Data under study:
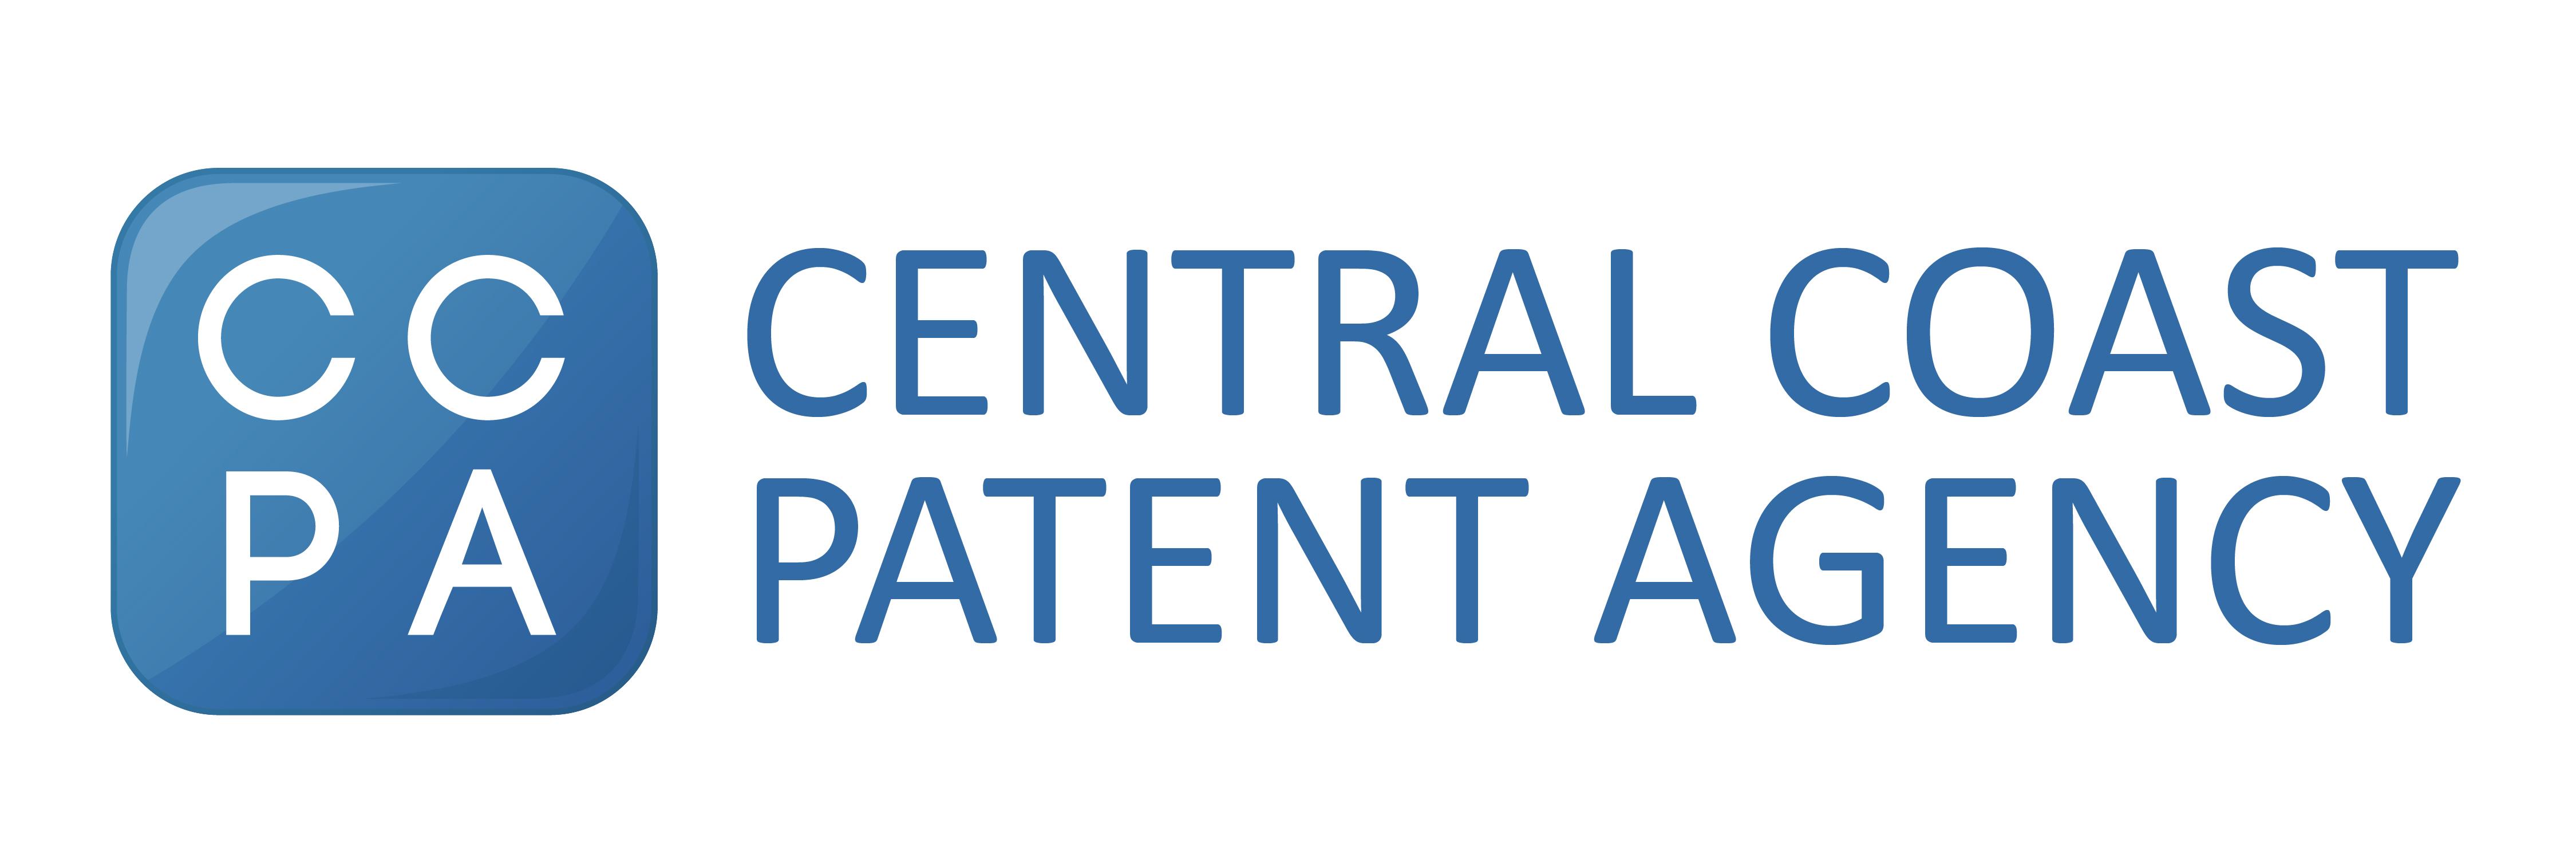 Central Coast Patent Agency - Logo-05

==

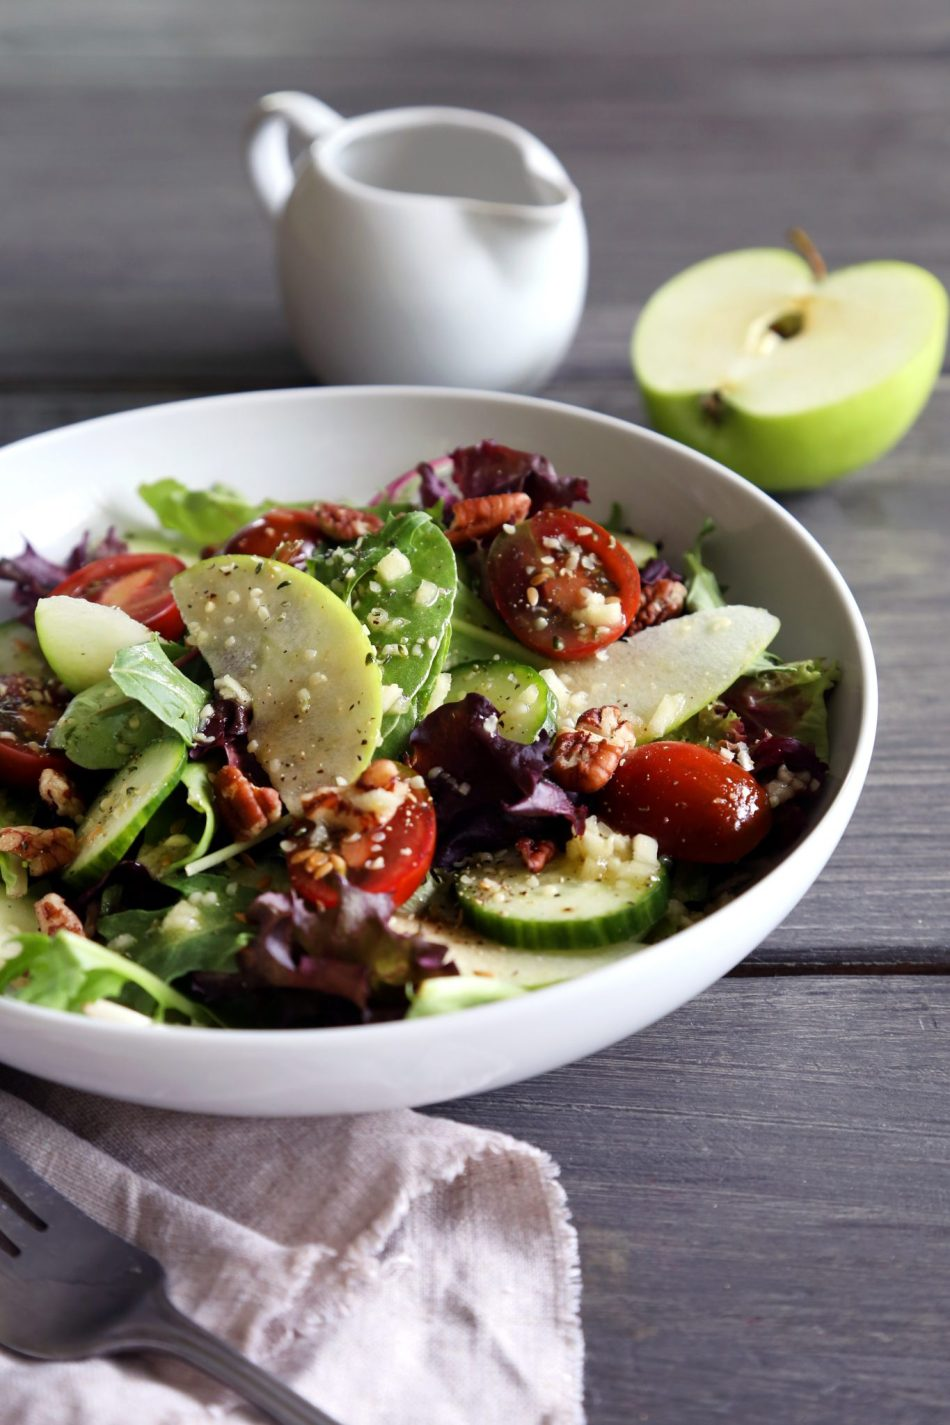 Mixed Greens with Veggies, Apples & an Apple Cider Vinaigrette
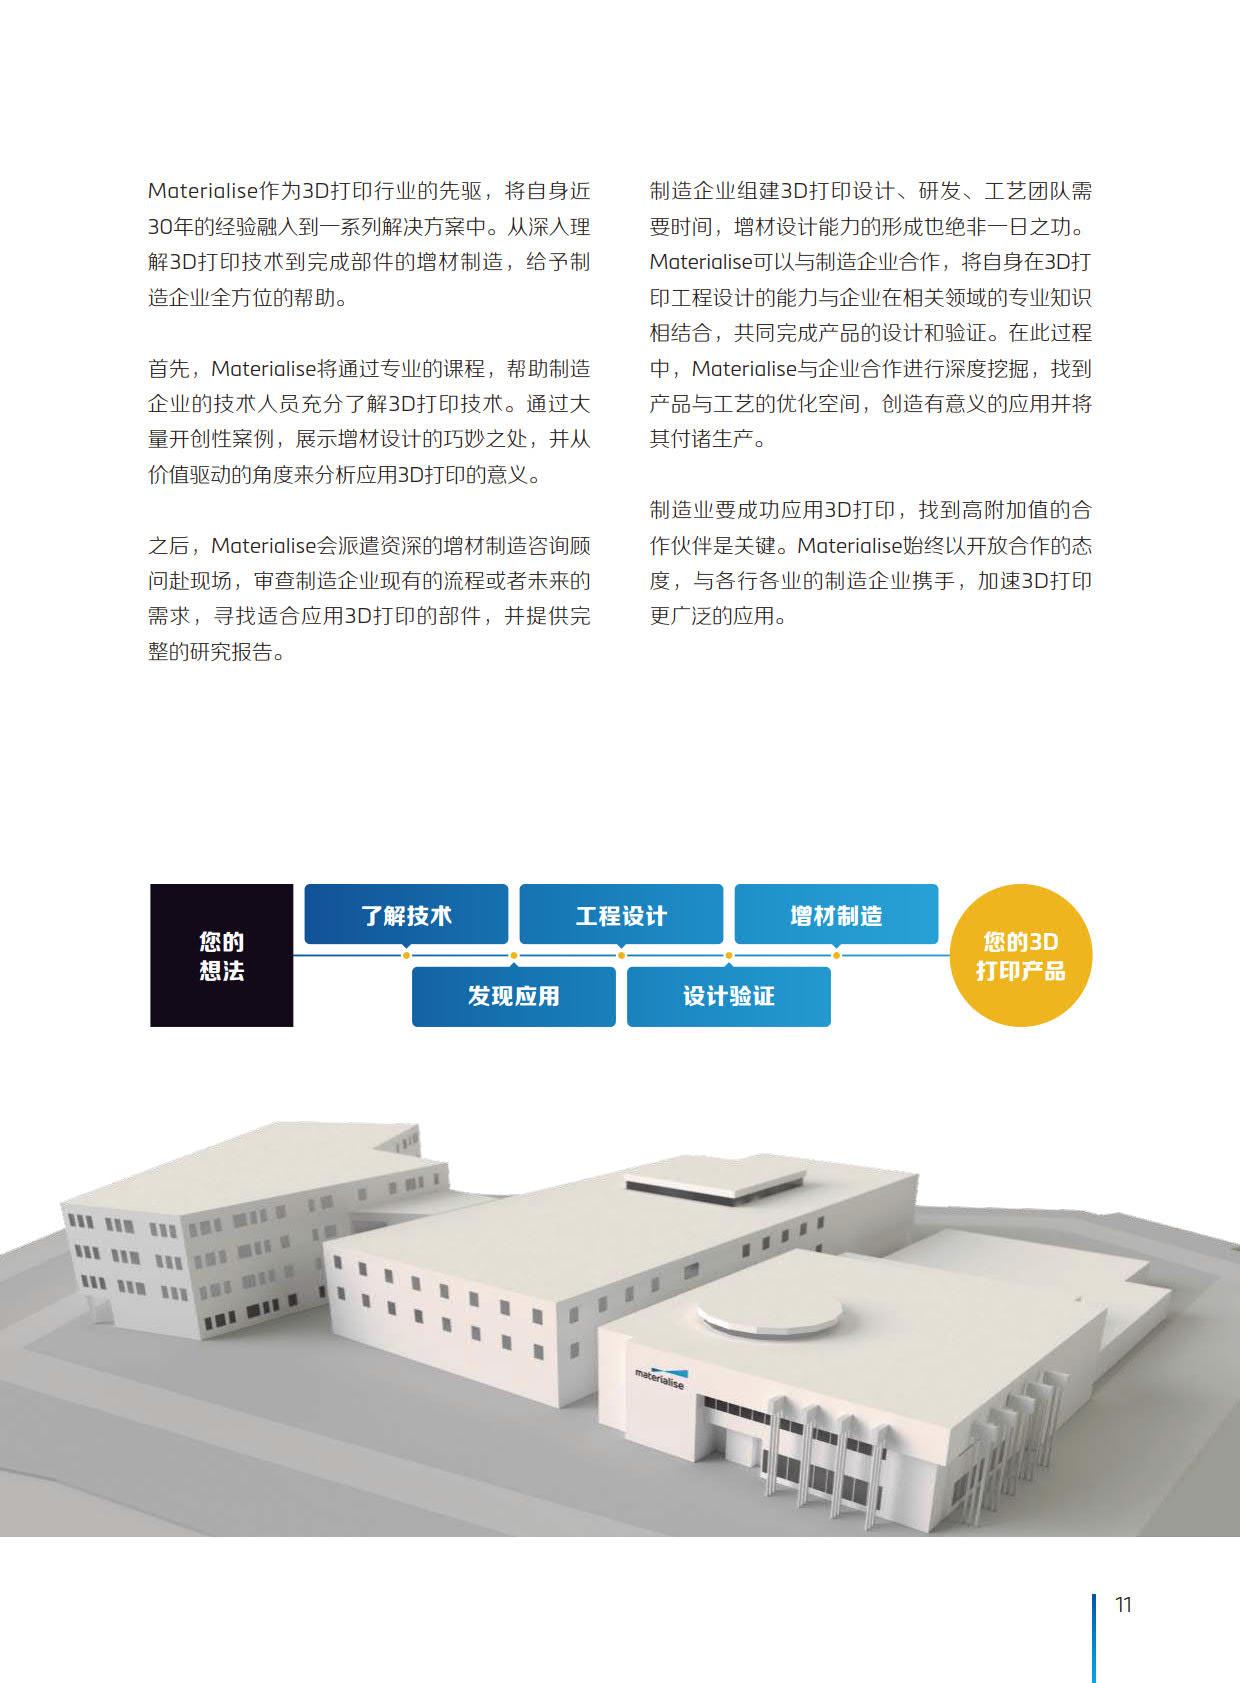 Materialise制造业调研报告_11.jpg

Activity: In the listing above, find the line with "Mixed Greens with" and output every line through the one with "Materialise制造业调研报告_11.jpg", exactly, without the pictures.

Solution:
 Mixed Greens with Veggies, Apples & an Apple Cider Vinaigrette
 Materialise制造业调研报告_11.jpg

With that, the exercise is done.